__Assignment__.
Leaving out the pictures, output the lines from the one that contains "con stampa Pegaso." through the end of the material, exactly as they stand.

__Task material__.

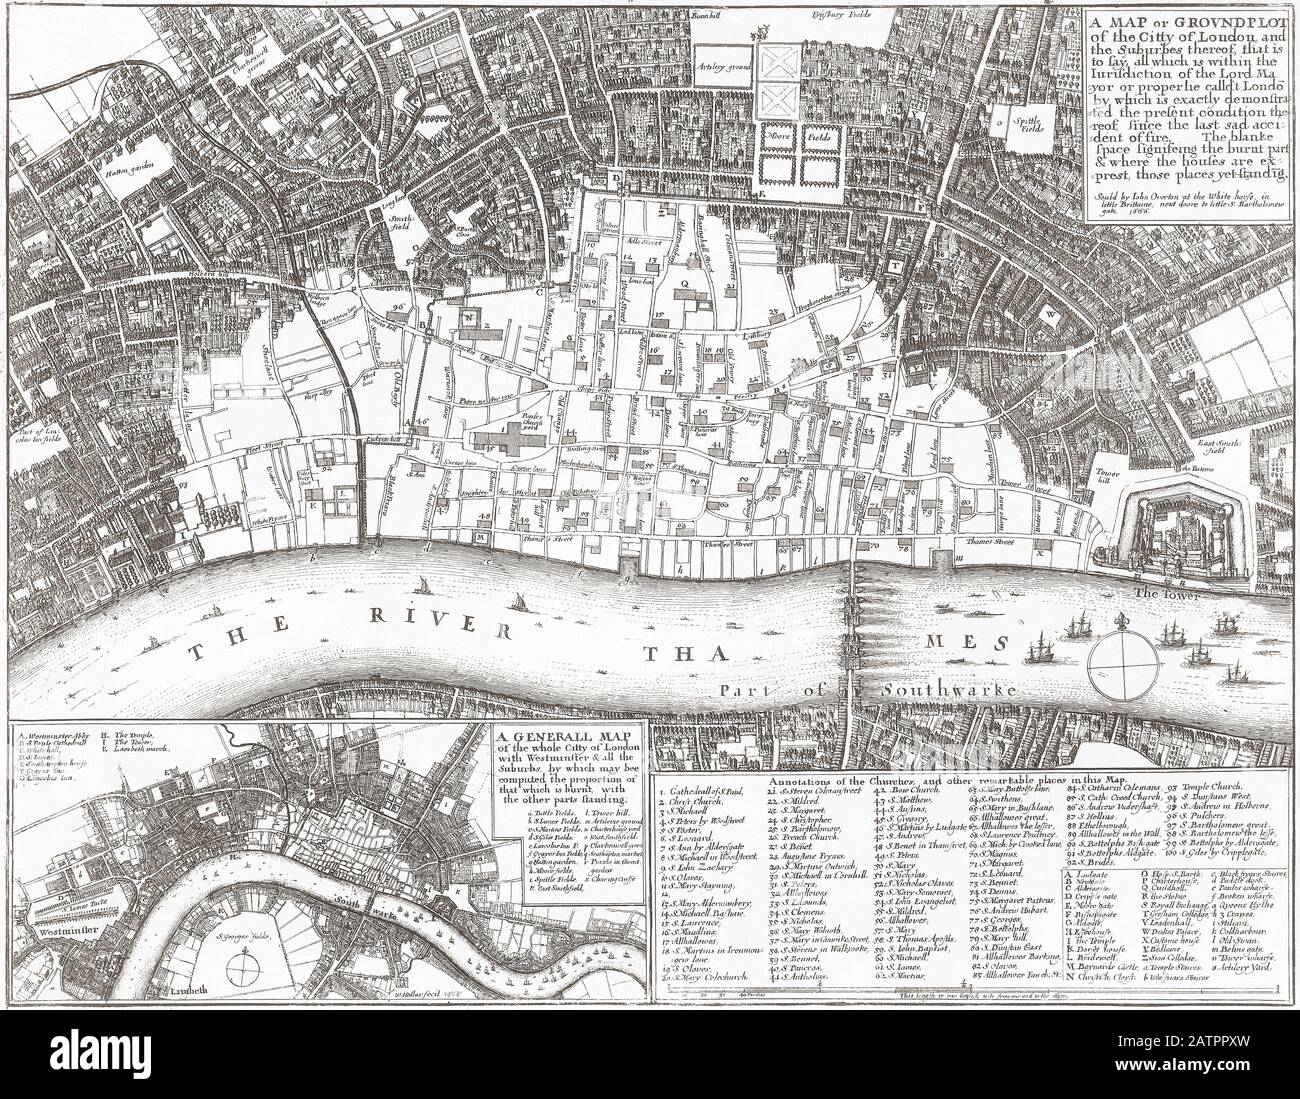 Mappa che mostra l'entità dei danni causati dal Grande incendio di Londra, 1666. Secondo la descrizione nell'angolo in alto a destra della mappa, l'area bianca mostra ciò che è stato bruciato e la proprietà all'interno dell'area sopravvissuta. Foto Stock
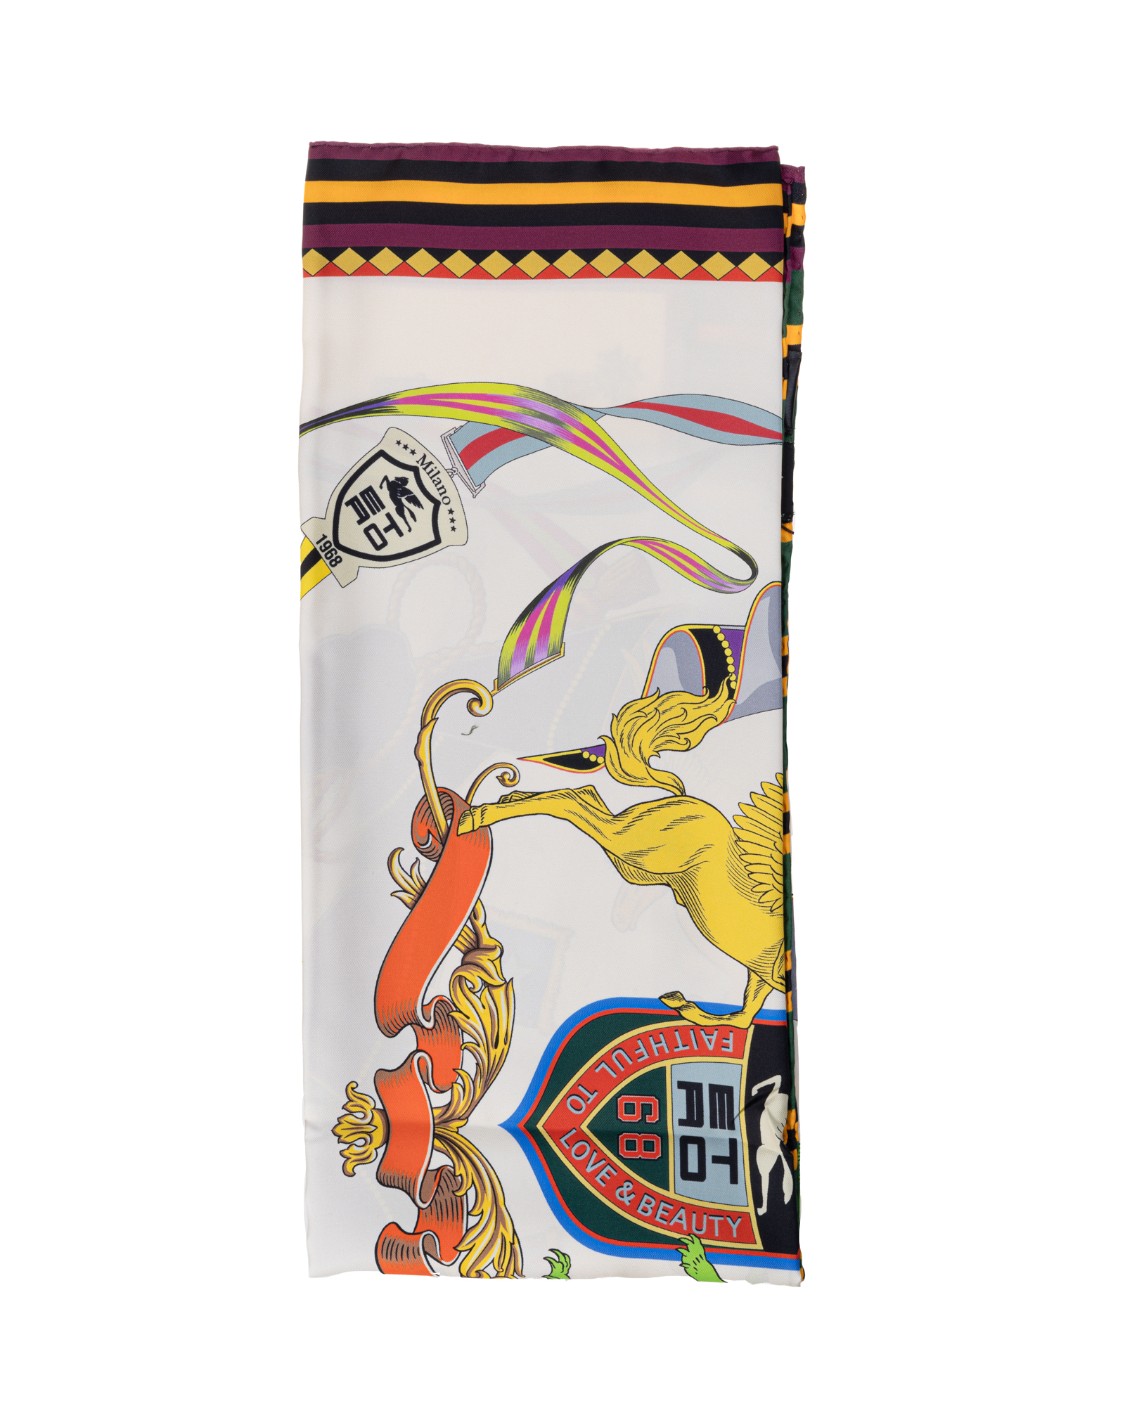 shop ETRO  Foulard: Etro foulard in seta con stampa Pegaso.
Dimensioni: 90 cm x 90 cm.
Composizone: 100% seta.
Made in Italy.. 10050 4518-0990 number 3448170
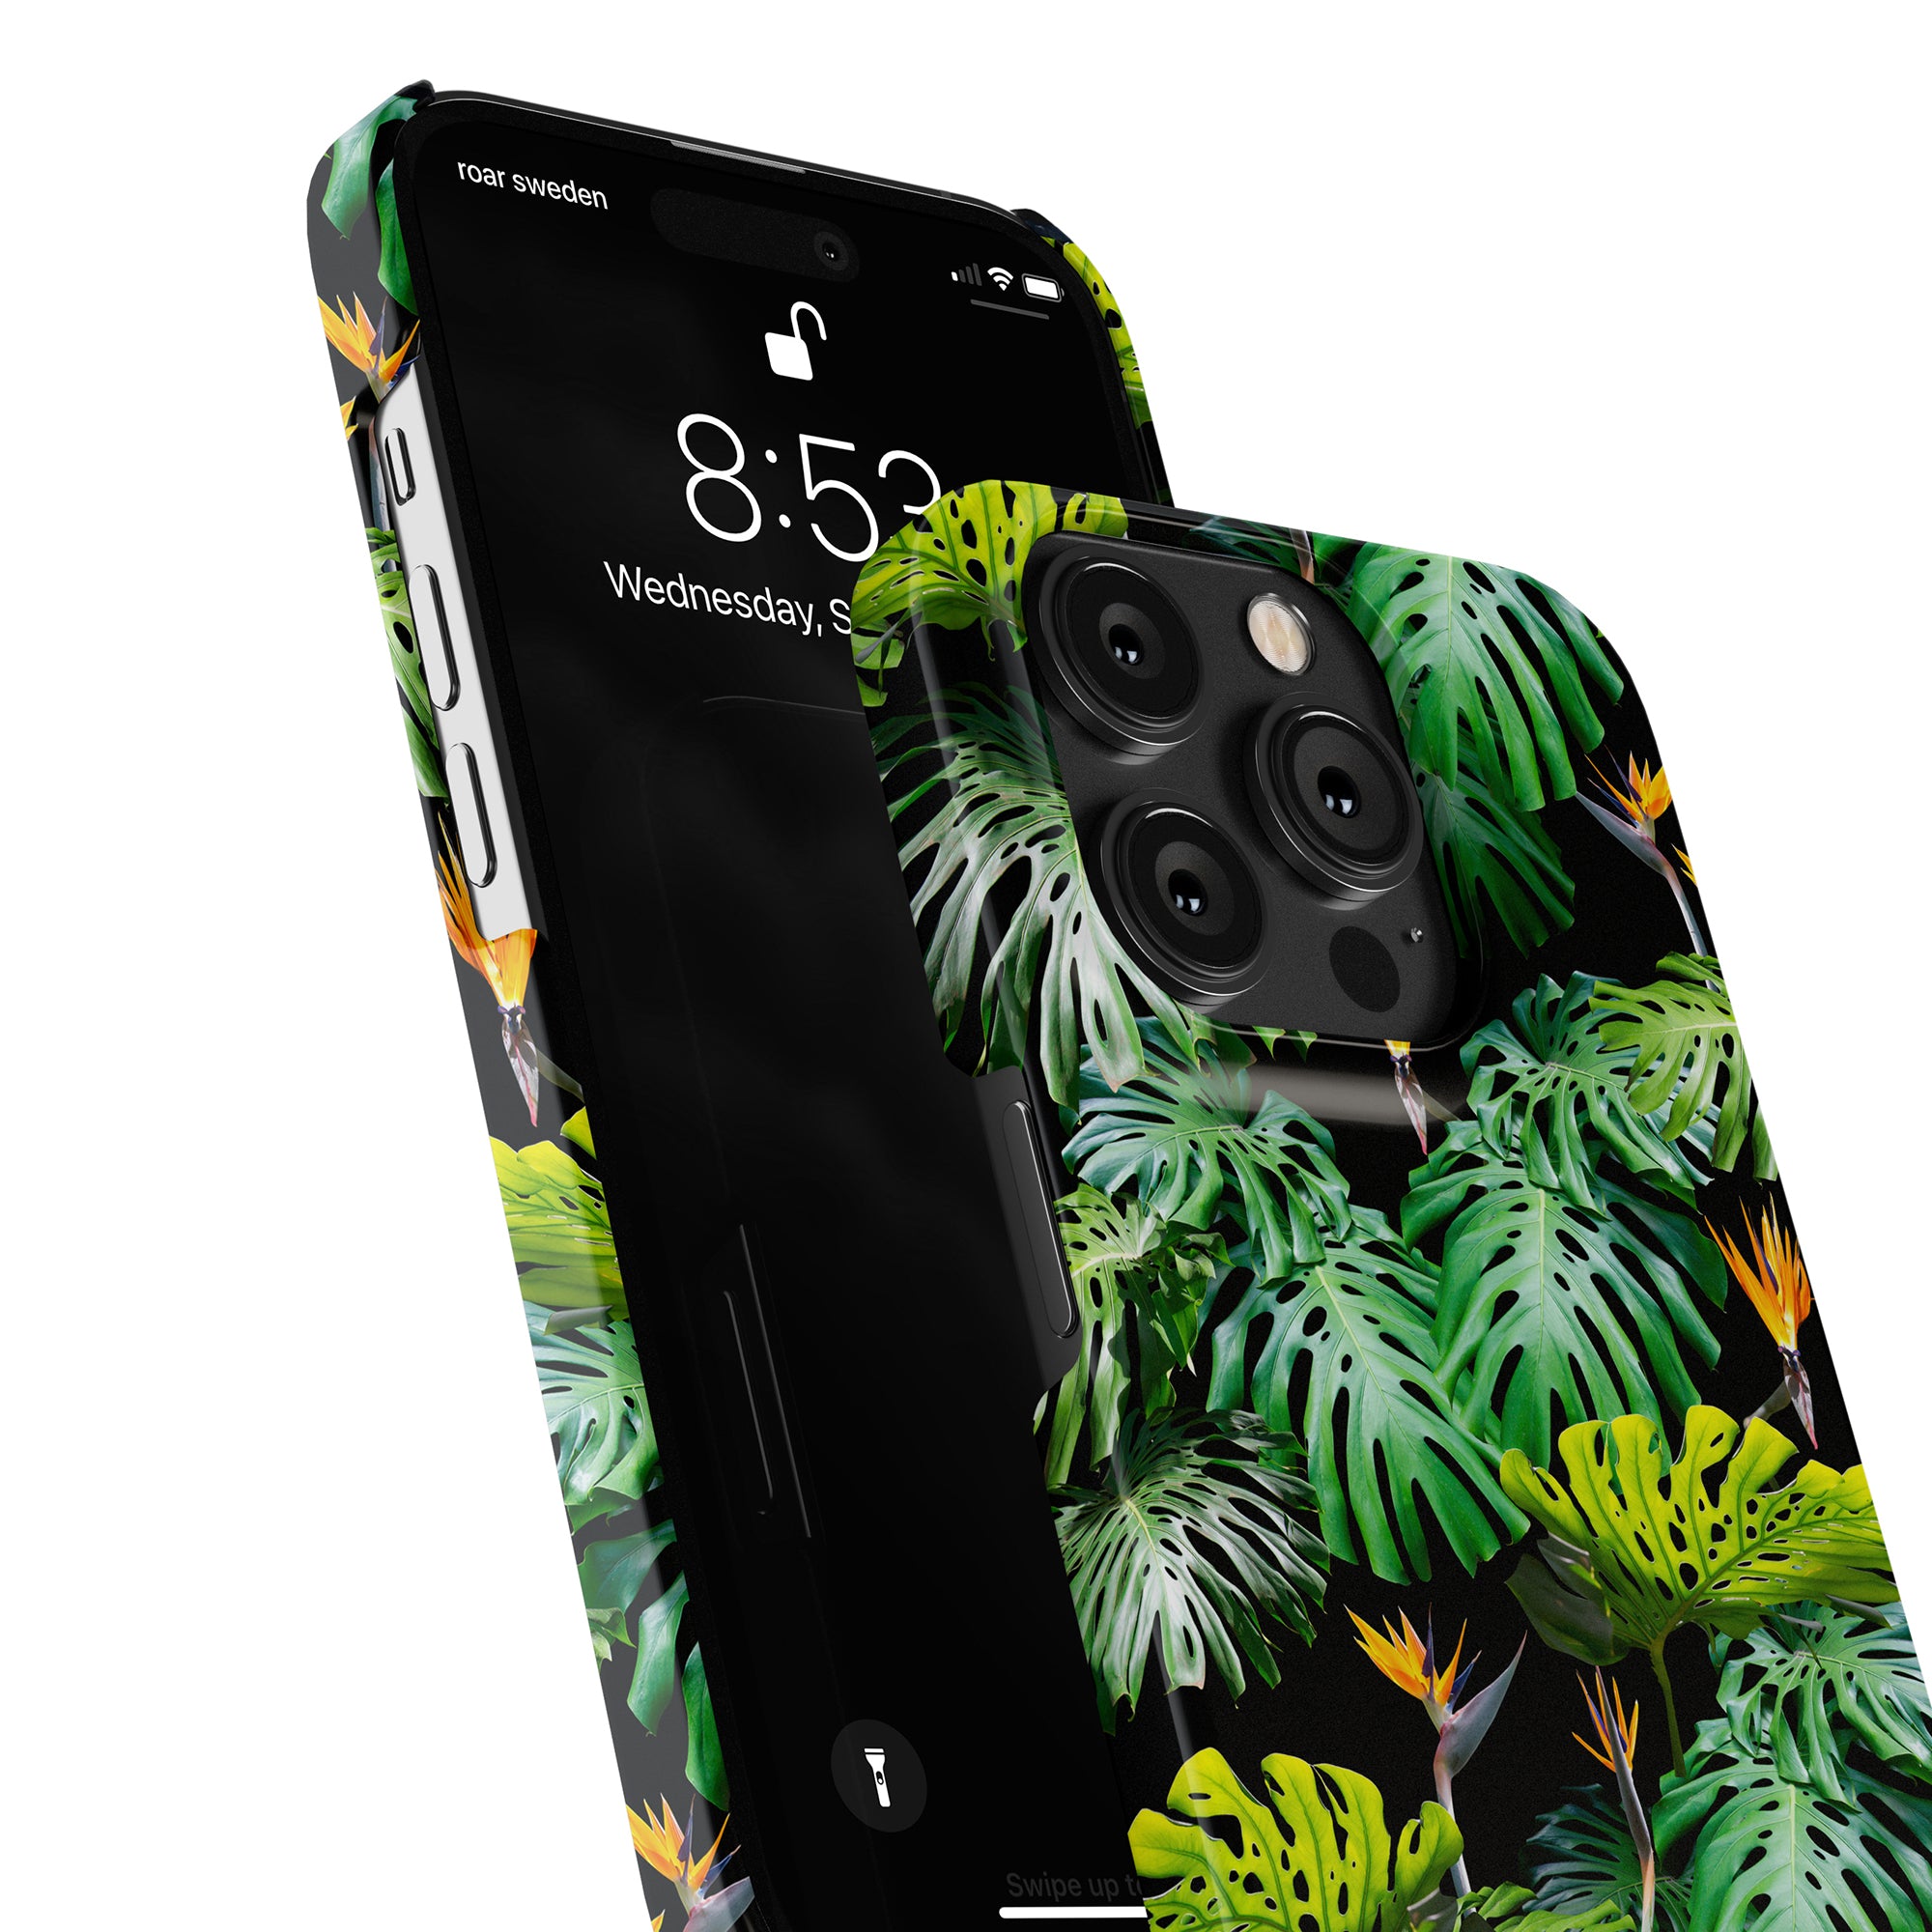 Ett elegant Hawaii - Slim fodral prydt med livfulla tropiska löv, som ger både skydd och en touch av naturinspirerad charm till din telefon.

__Task solution__.
 shop ETRO  Foulard: Etro foulard in seta con stampa Pegaso.
Dimensioni: 90 cm x 90 cm.
Composizone: 100% seta.
Made in Italy.. 10050 4518-0990 number 3448170
 Ett elegant Hawaii - Slim fodral prydt med livfulla tropiska löv, som ger både skydd och en touch av naturinspirerad charm till din telefon.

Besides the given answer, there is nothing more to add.